18466Leading County Durham law firm Latimer Hinks is urging families to consider what can seem unthinkable when a terminal illness is diagnosed.

While it may seem too late at that point to carry out tax planning, Latimer Hinks Director Elizabeth Armstrong says there is still much that can be done to reduce tax liabilities.

She said: “For very obvious reasons, many couples put off discussing the inevitable until it is too late. The spouse of a person who is terminally ill may feel it is hugely insensitive to discuss finance at such a time.

“But we usually find that the person who is ill wants to do everything possible to help their family before they go. They want to make sure that their family is provided for, and that includes ensuring their loved ones aren’t hit with huge tax bills.”

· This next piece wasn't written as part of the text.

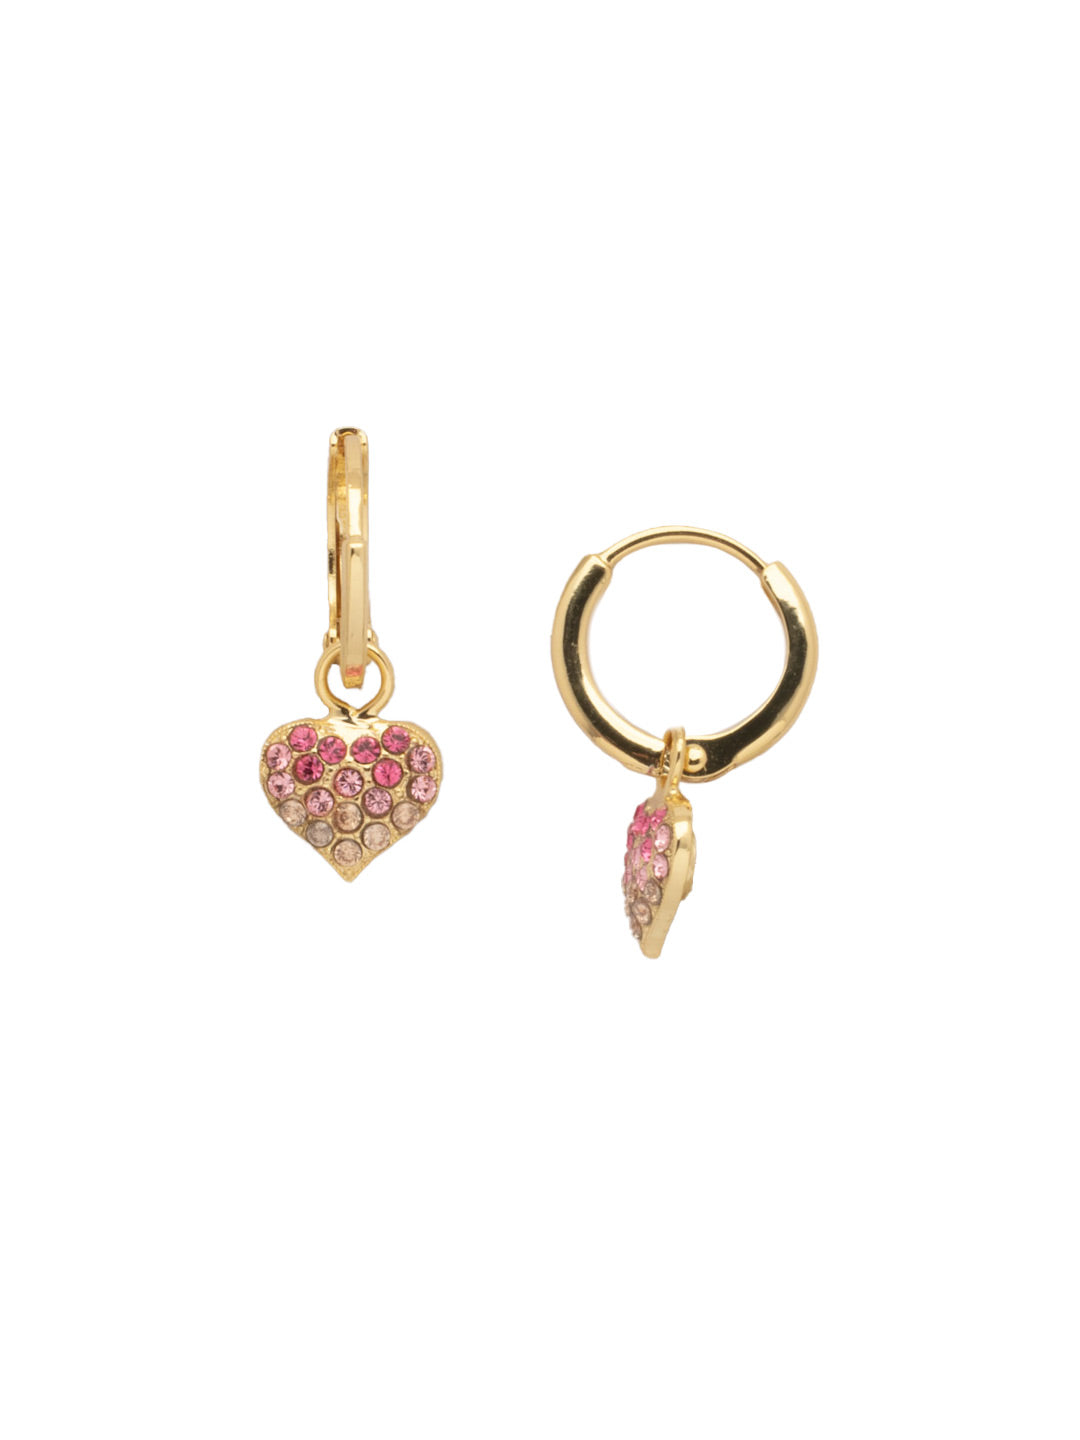 Mini Pave Heart Huggie Hoop Earrings - EFN2BGBFL - <p>The Mini Pave Heart Huggie Hoop Earrings feature a removable crystal-embellished heart charm on a small huggie hoop. From Sorrelli's Big Flirt collection in our Bright Gold-tone finish.</p>
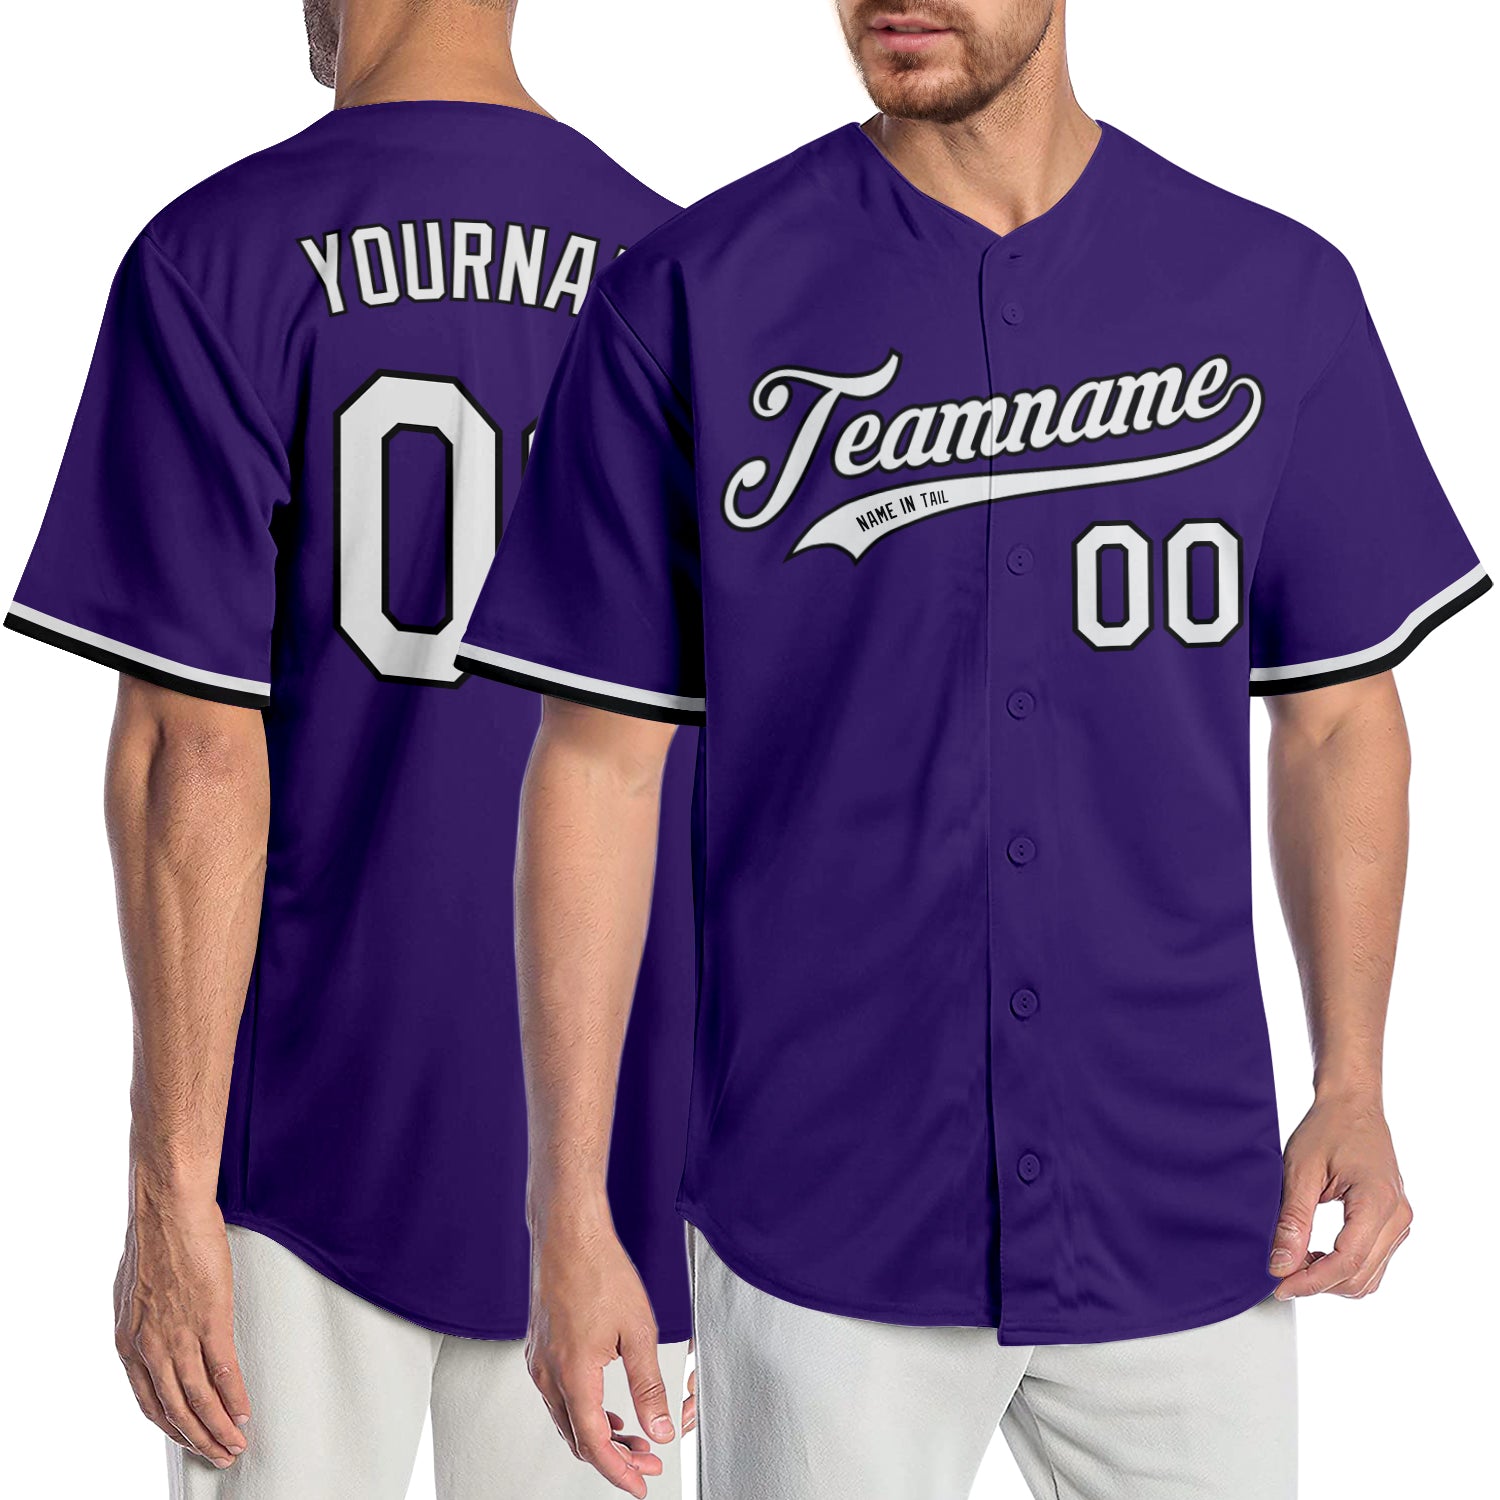 Black and Purple Baseball Jersey Dress with White Contrasting Taping on  Neck, Sleeves and Button Hem / Black Button Front

Elizabeth advises that in some cases doing what seems illogical and transferring assets to someone who has been diagnosed with a terminal illness can help to mitigate Inheritance and Capital Gains Tax (CGT).

When many people think about death and taxes, they are usually considering how much Inheritance Tax will be payable, but death can often provide the means to save when it comes to CGT. With planning there can also be the opportunity to mitigate Inheritance Tax.

Elizabeth said: “Usually the aim is to get assets out of an estate to shrink it for tax purposes, so it may seem that you’re doing exactly the opposite of what comes naturally to transfer assets to a terminally ill spouse. But this can actually be the most effective way to reduce CGT.

“The interesting thing about this sort of planning is that whilst it may seem counter-intuitive as we’re all used to the idea of divesting ourselves of assets as we get older, it can make financial sense to do exactly the opposite.

“The action required can come at a very stressful and emotional period, but if a family can cope with undertaking some financial planning, they can actually make a difference and save tax for those who are left behind.

“It is important when considering any IHT or CGT planning to appreciate the interaction between those two taxes – what might be sensible planning for one tax may impact on the other which highlights the need for proper advice. It is crucial to understand all the implications of implementing any tax planning.”

Elizabeth’s advice comes at a time when new IHT rules have just been announced. From April 2017, changes are being phased in which will enable some people to benefit from an additional Residence Nil Rate Band (NRB) so that from 2020/21 tax year, an additional allowance will be available of up to £175K (£350K for married couples) where a property is inherited by direct descendants such as children or grandchildren.

Latimer Hinks has launched an e petition to call for Inheritance Tax rules to be the same for those without children.